• [Supplied information]:
══════════════════════════════

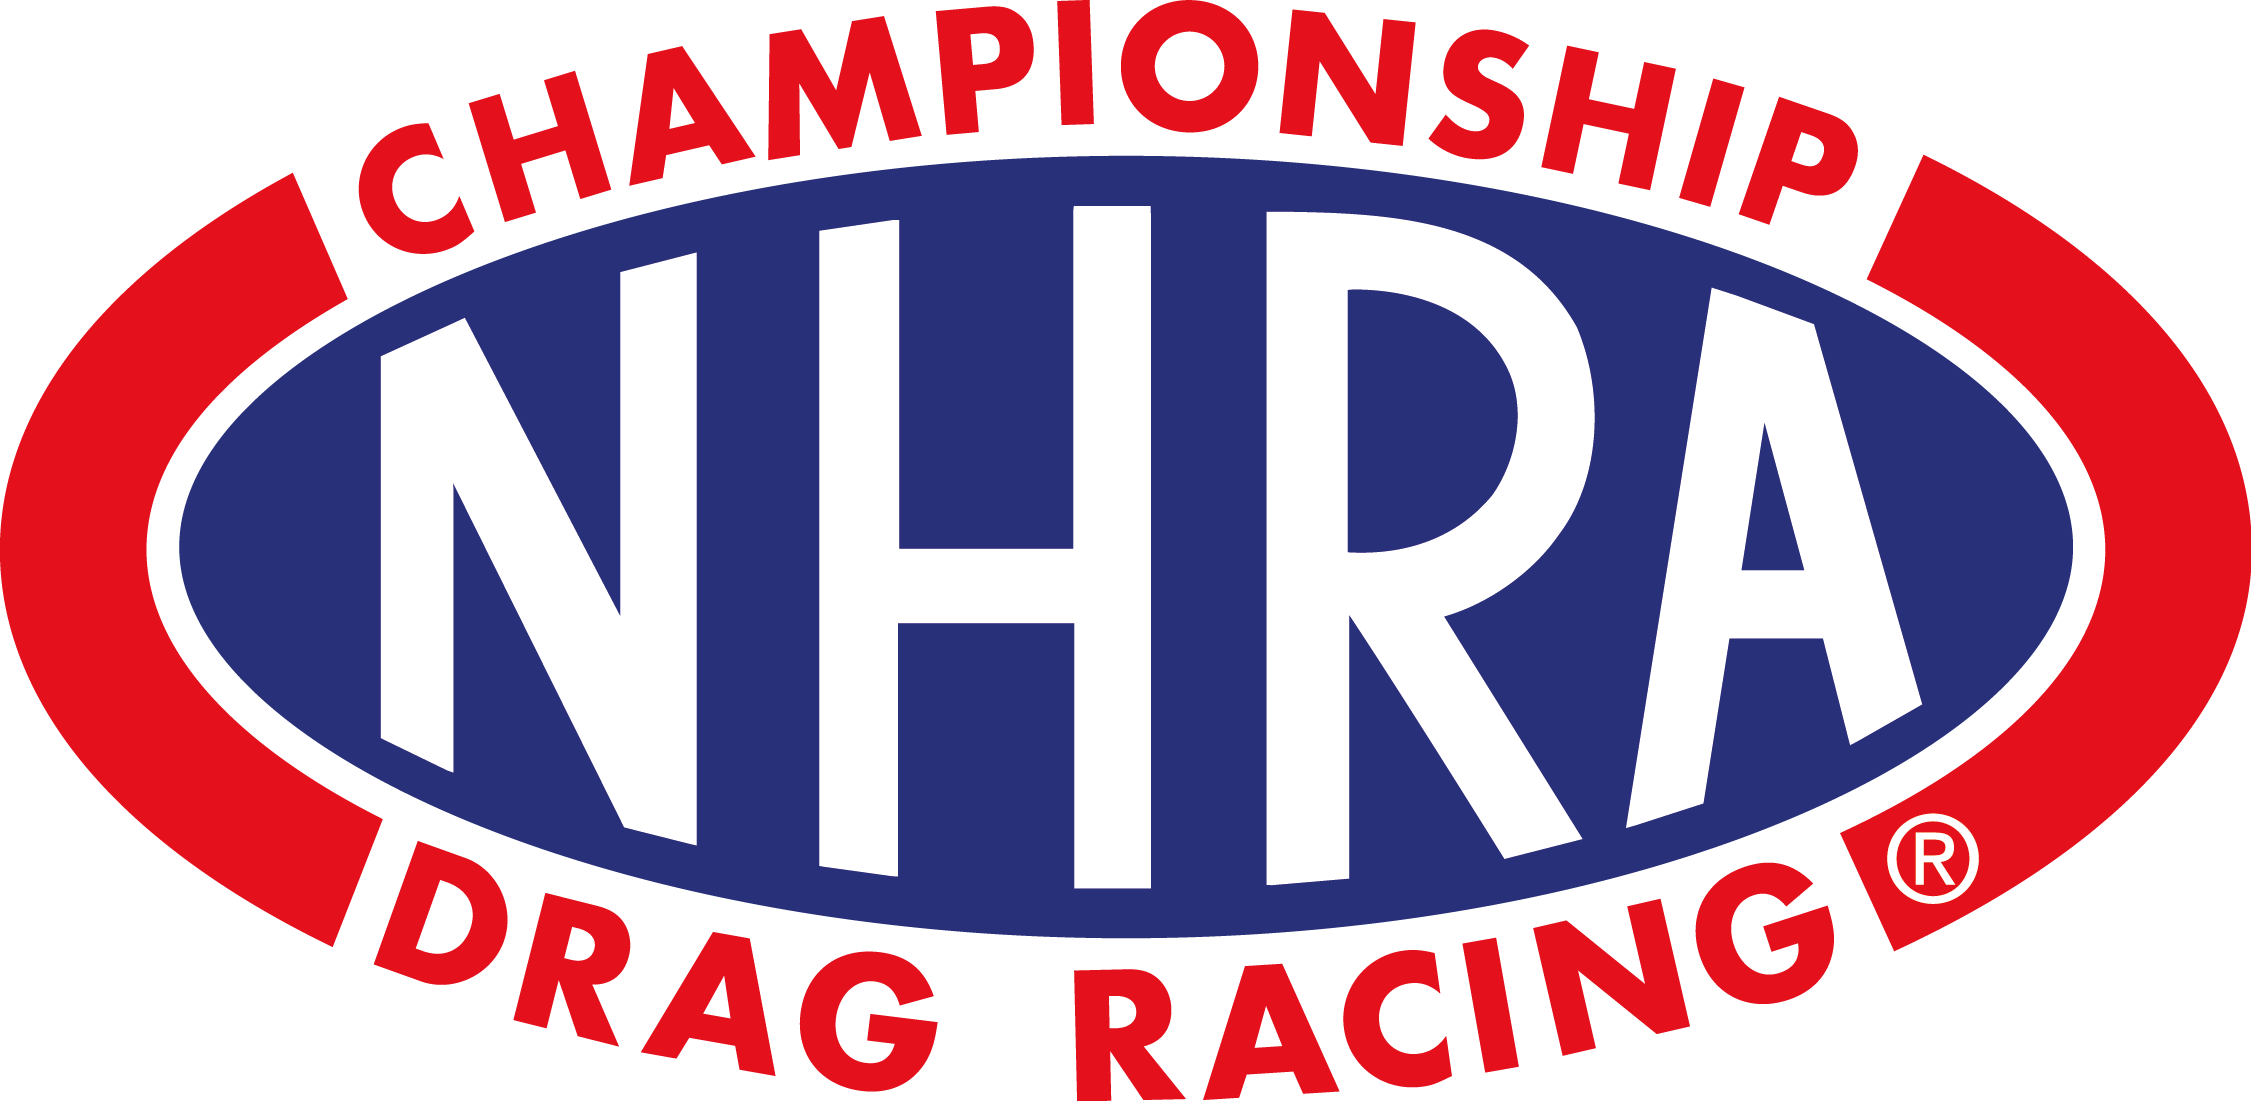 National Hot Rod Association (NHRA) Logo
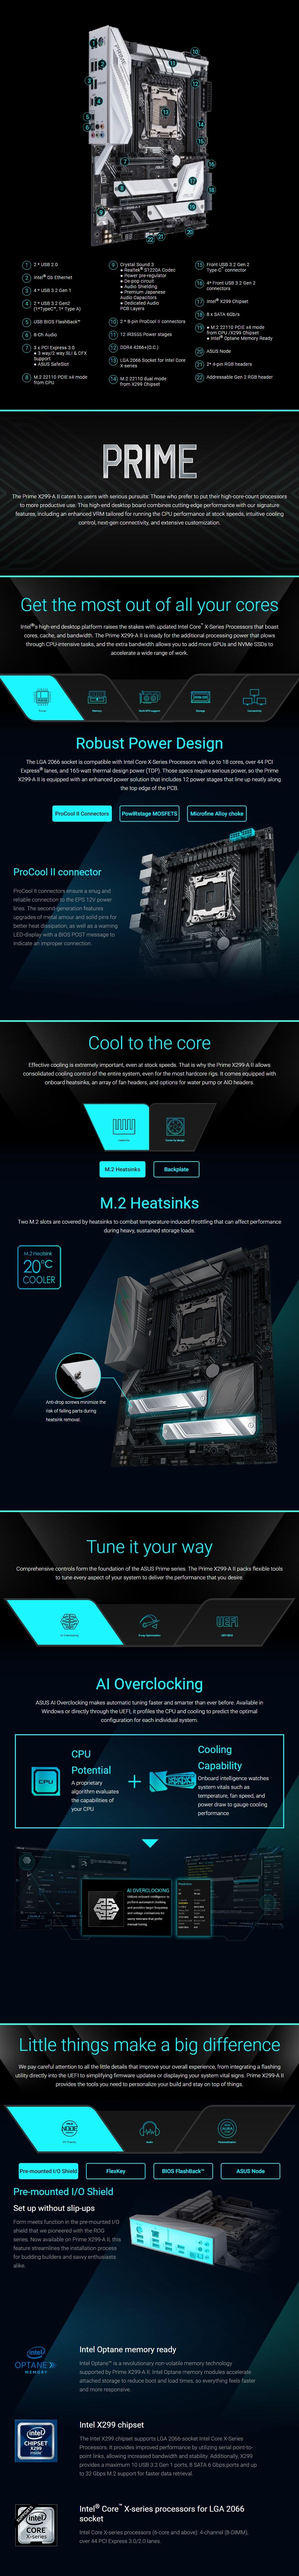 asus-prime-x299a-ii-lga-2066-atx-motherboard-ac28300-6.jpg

══════════════════════════════

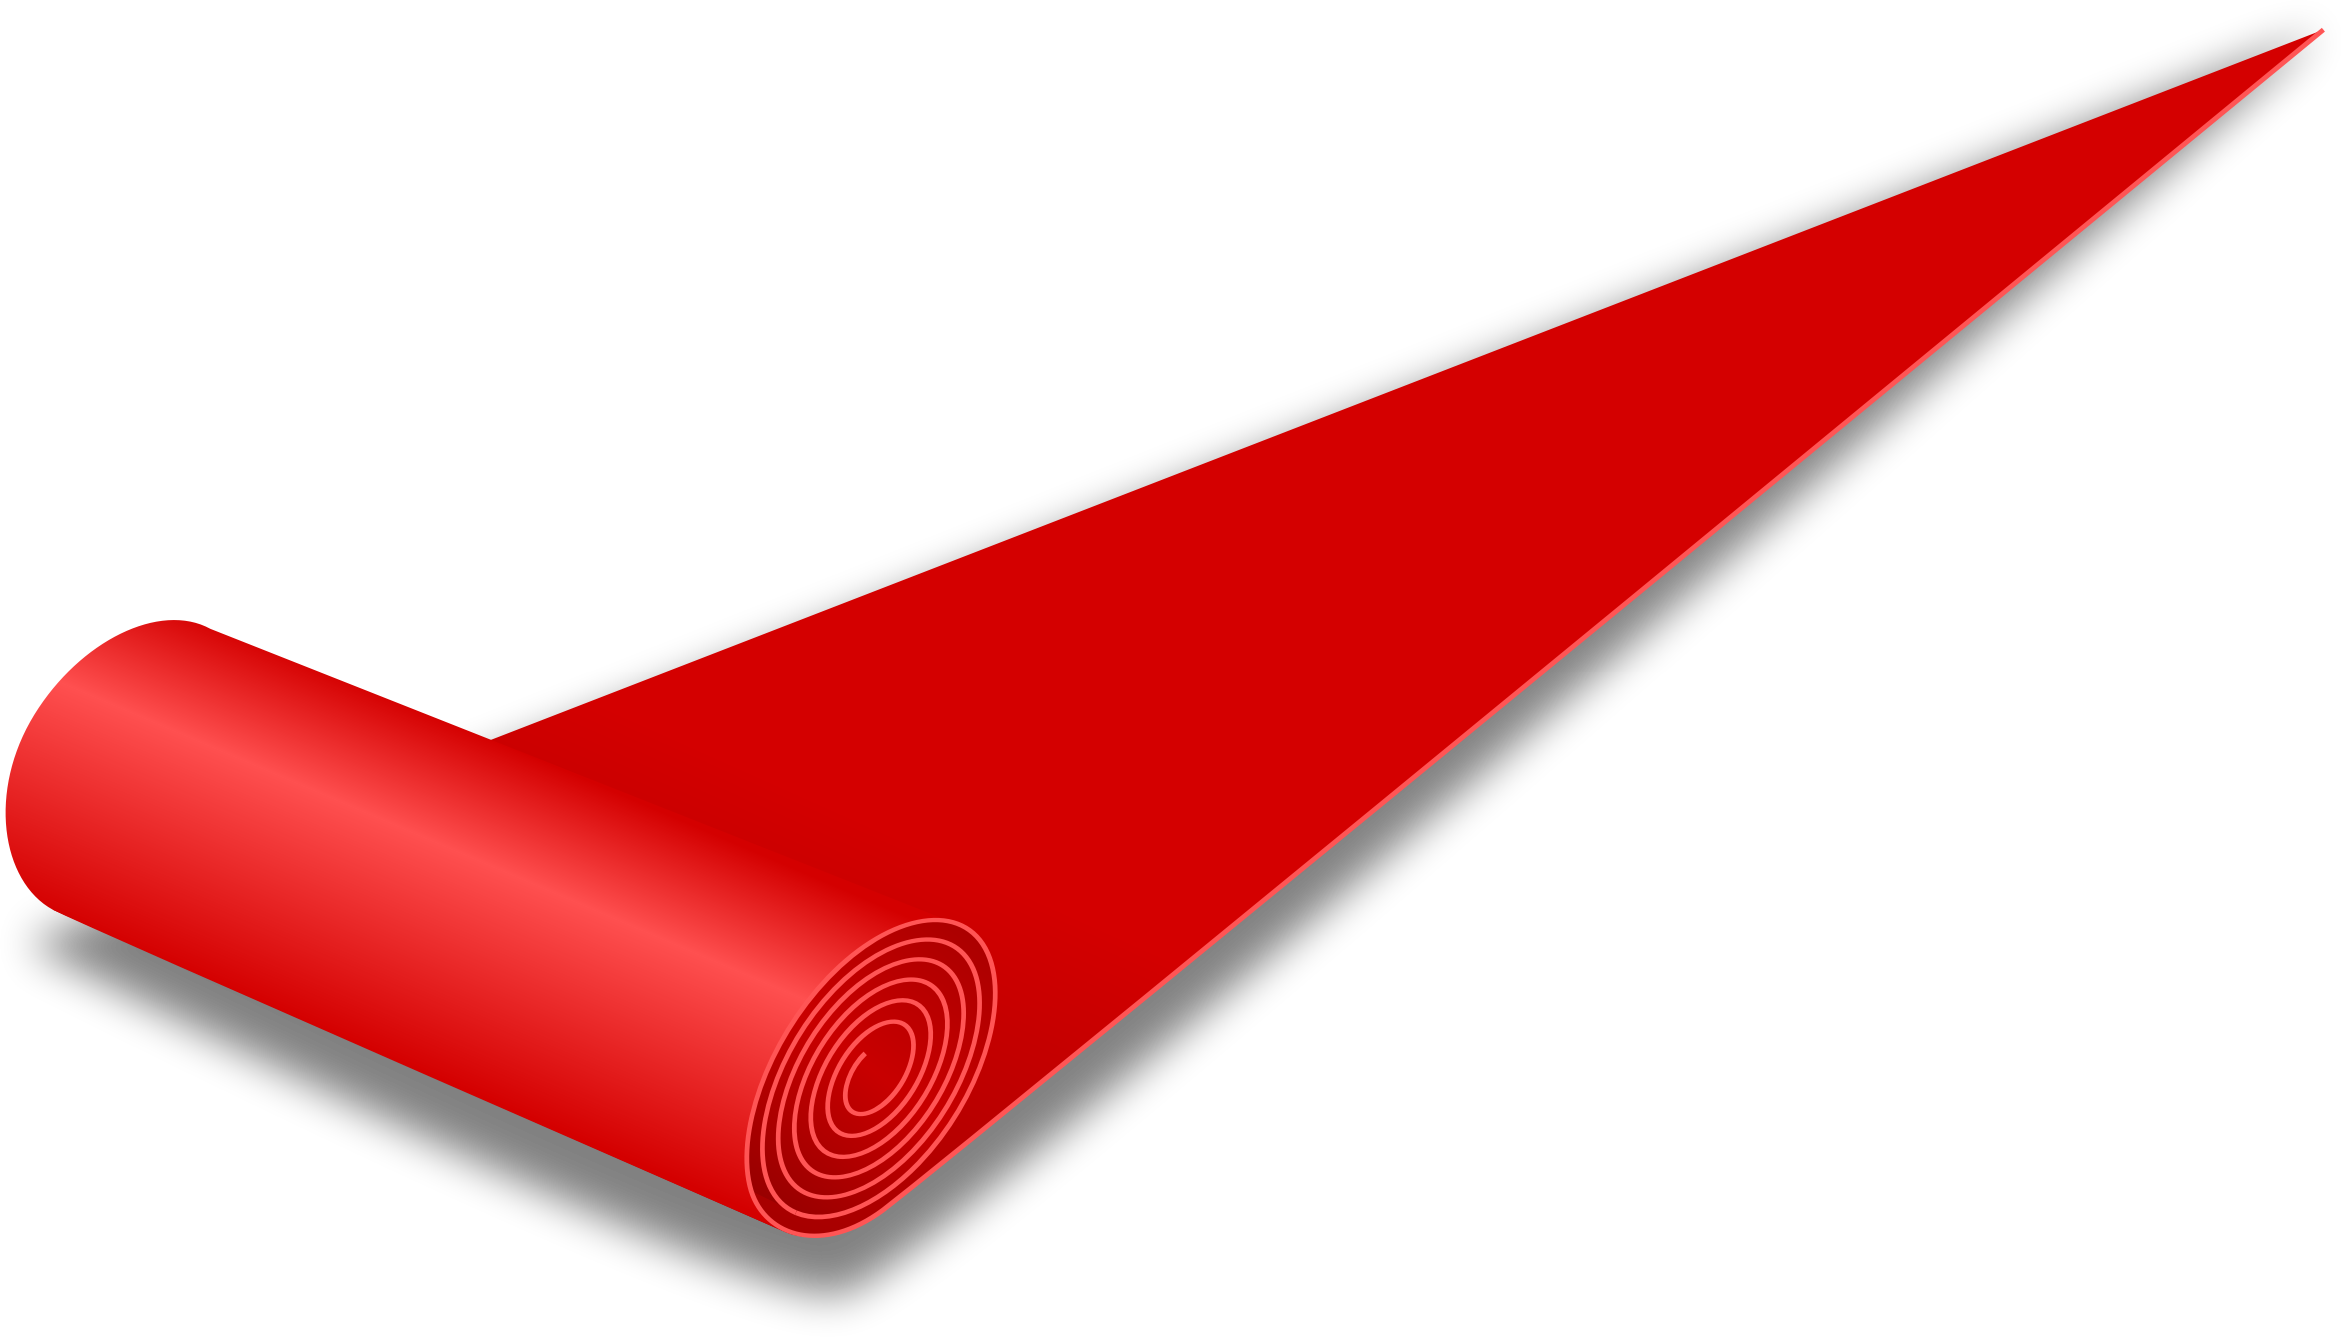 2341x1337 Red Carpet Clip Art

══════════════════════════════

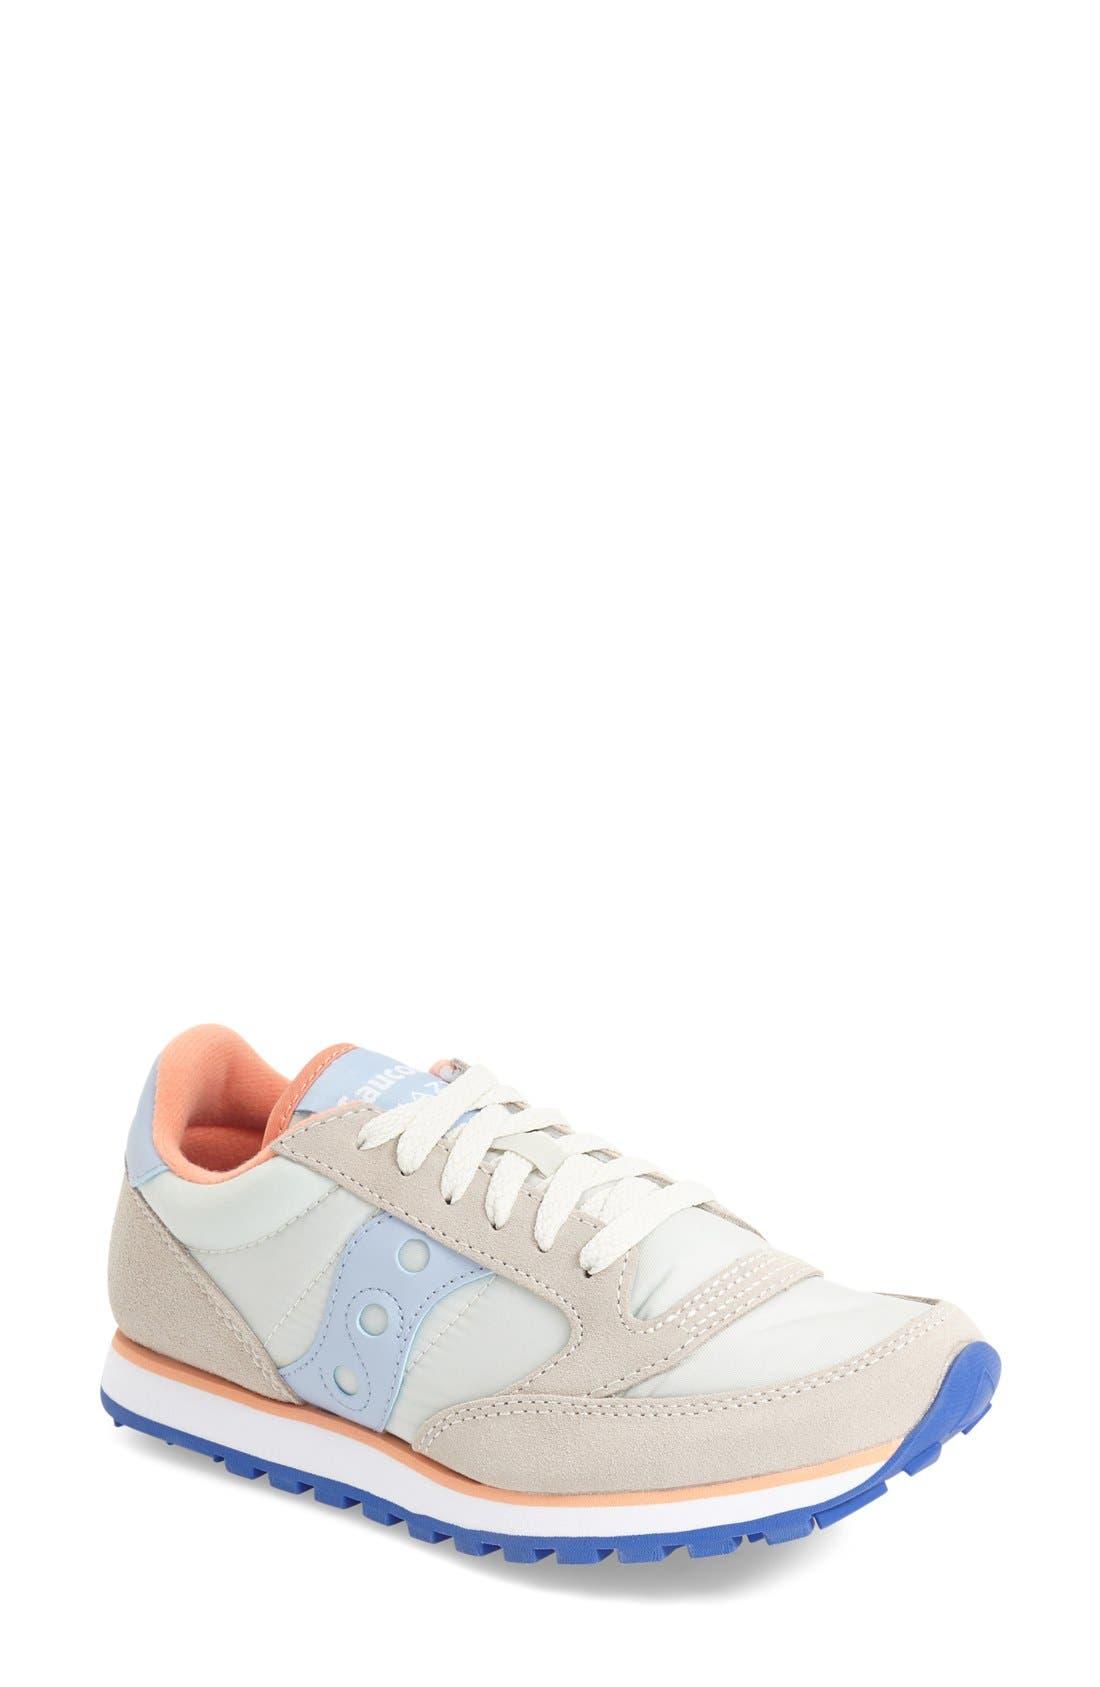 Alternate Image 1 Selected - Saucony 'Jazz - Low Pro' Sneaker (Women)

══════════════════════════════

• [Try it]:
Using the data above, set down each line from the line with "National Hot Rod Association (NHRA) Logo" to the line with "asus-prime-x299a-ii-lga-2066-atx-motherboard-ac28300-6.jpg" exactly, both ends included, and leave the pictures behind. Nothing else belongs.

• [Exercise answer]:
 National Hot Rod Association (NHRA) Logo
 asus-prime-x299a-ii-lga-2066-atx-motherboard-ac28300-6.jpg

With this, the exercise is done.